Provided data
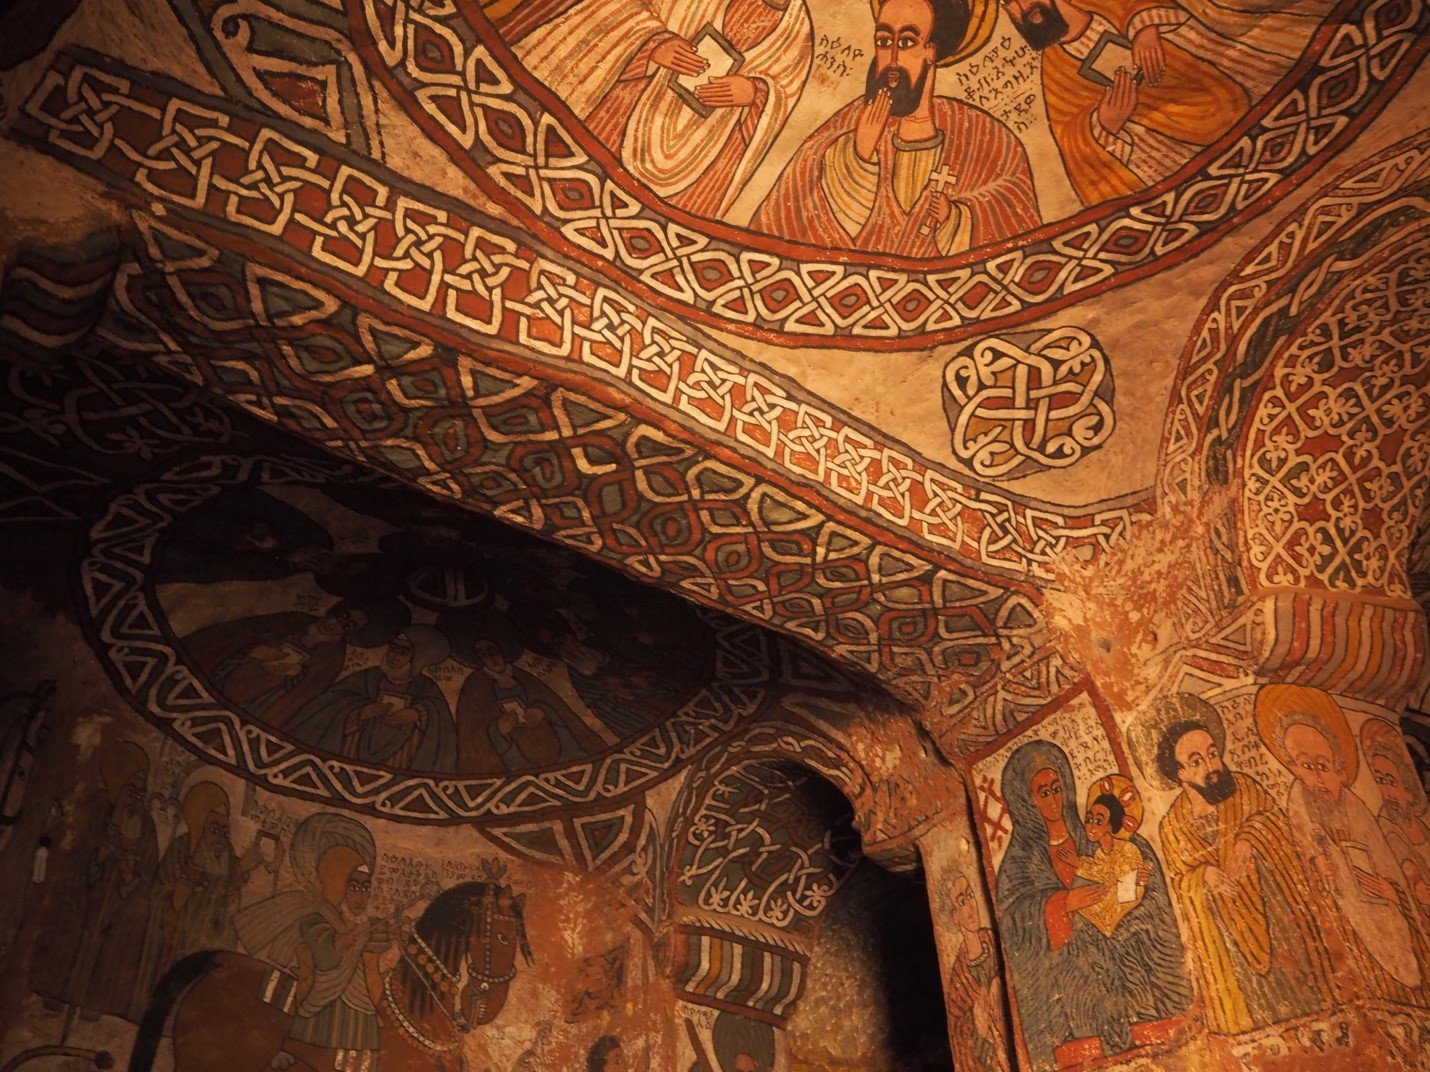  Interior walls of the largest church in the Gheralta range, Abuna Yemata Guh. 
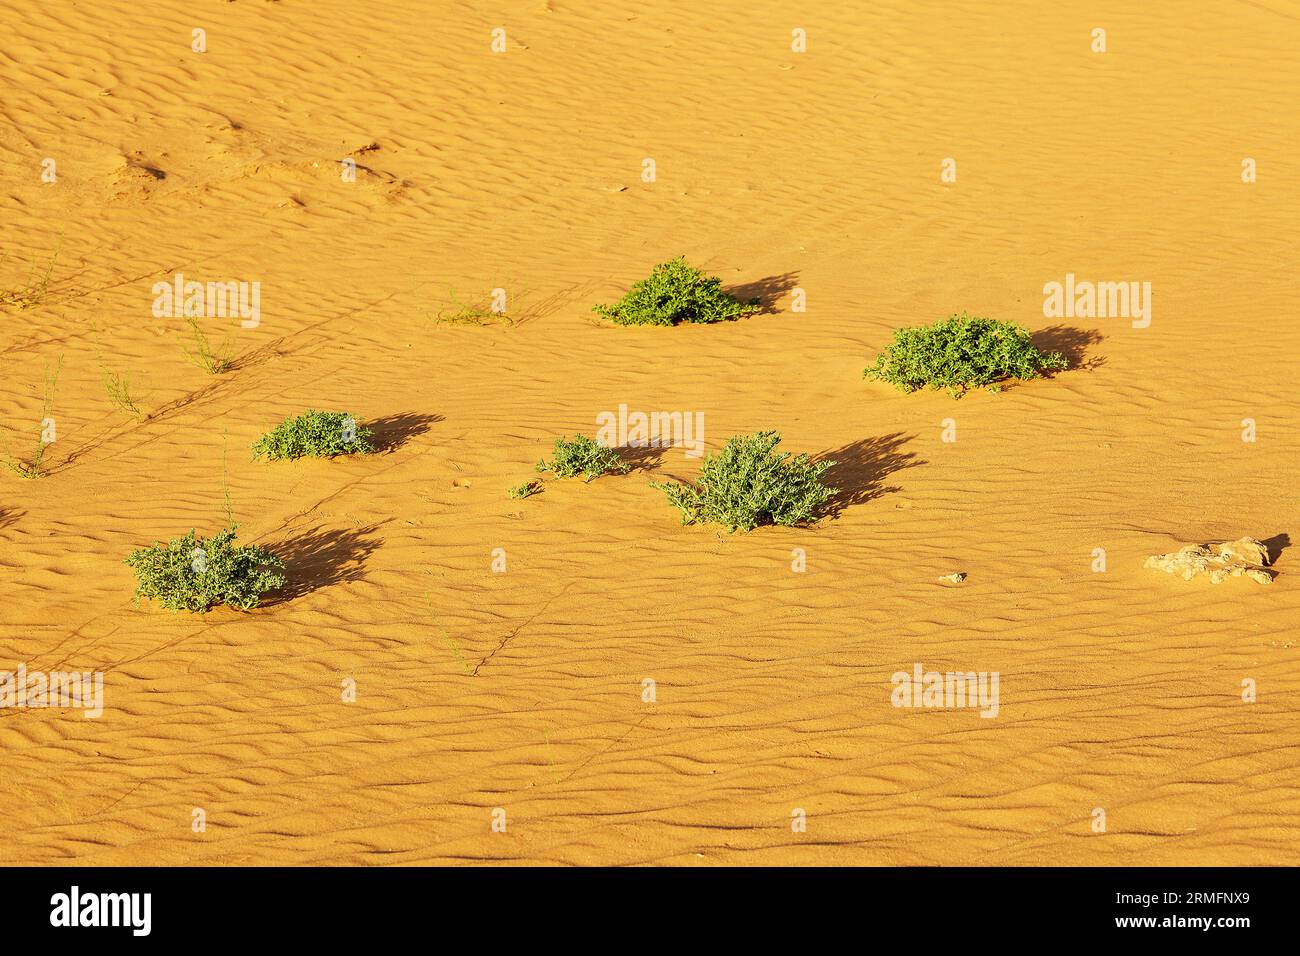 Grüne Pflanzen wachsen in Sanddünen in der Sahara, Merzouga, Marokko Stockfoto
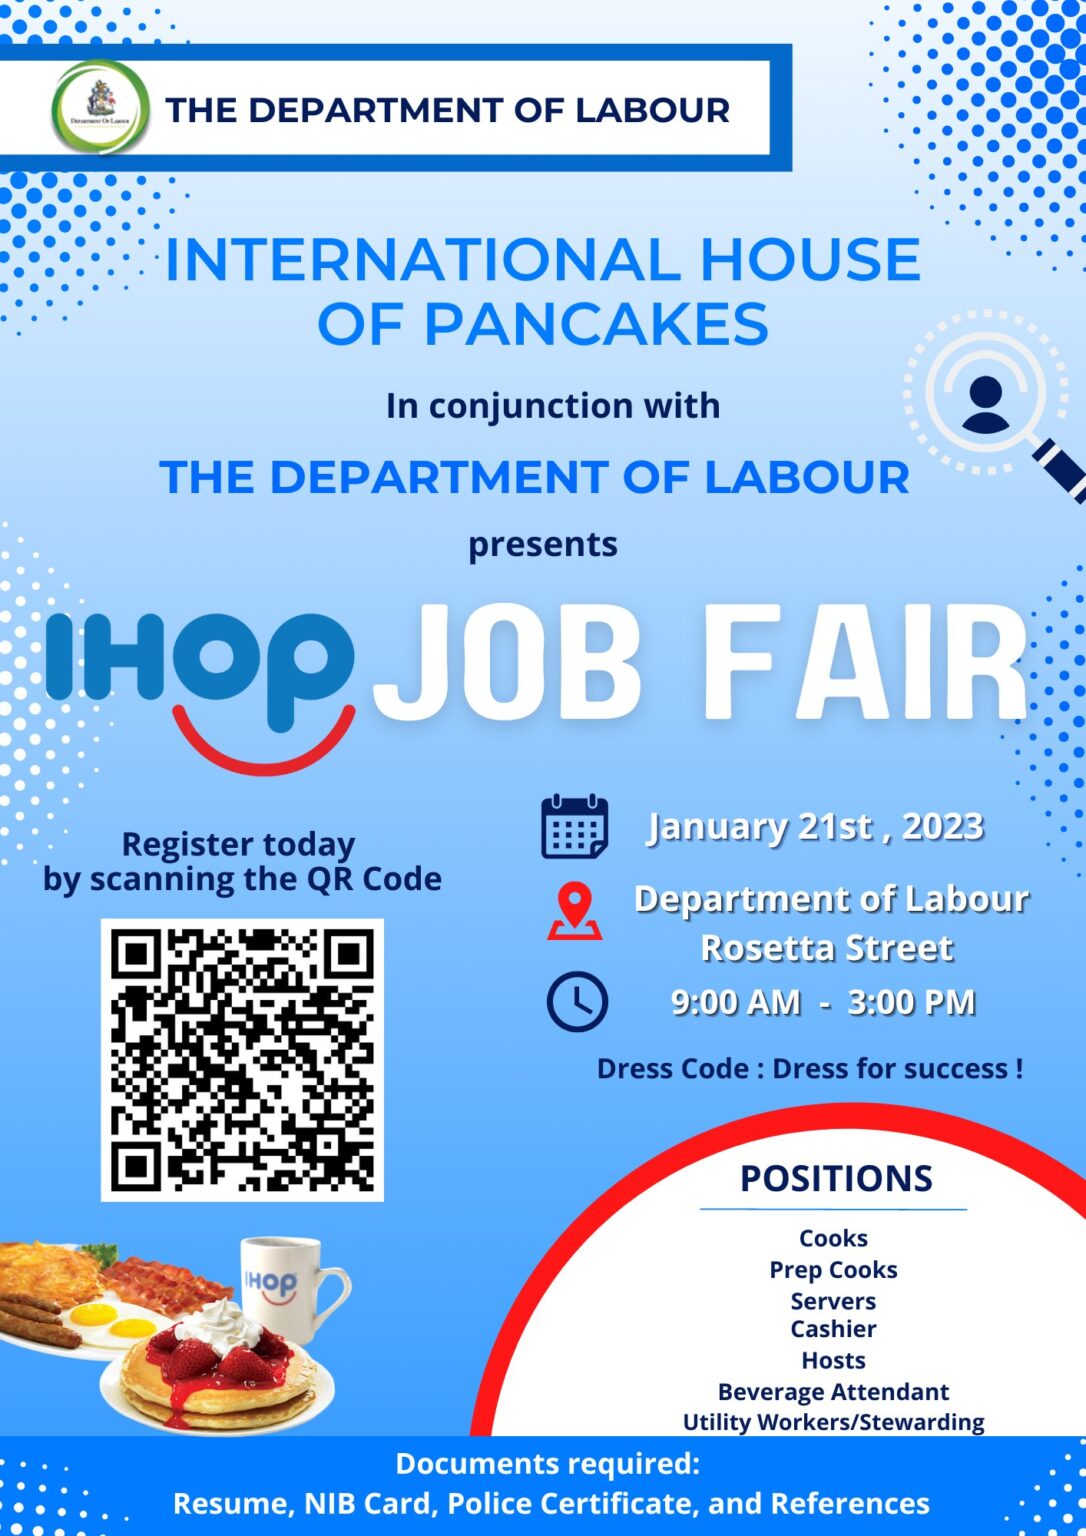 Bahamas Labour Dept. to hold first job fair of 2023 - Caribbean Employment

Action item
In the copy, include exactly the lines from the one with "Grüne Pflanzen wachsen" through the final line of the data, both ends included, and no pictures.

Answer to this task
 Grüne Pflanzen wachsen in Sanddünen in der Sahara, Merzouga, Marokko Stockfoto
 Bahamas Labour Dept. to hold first job fair of 2023 - Caribbean Employment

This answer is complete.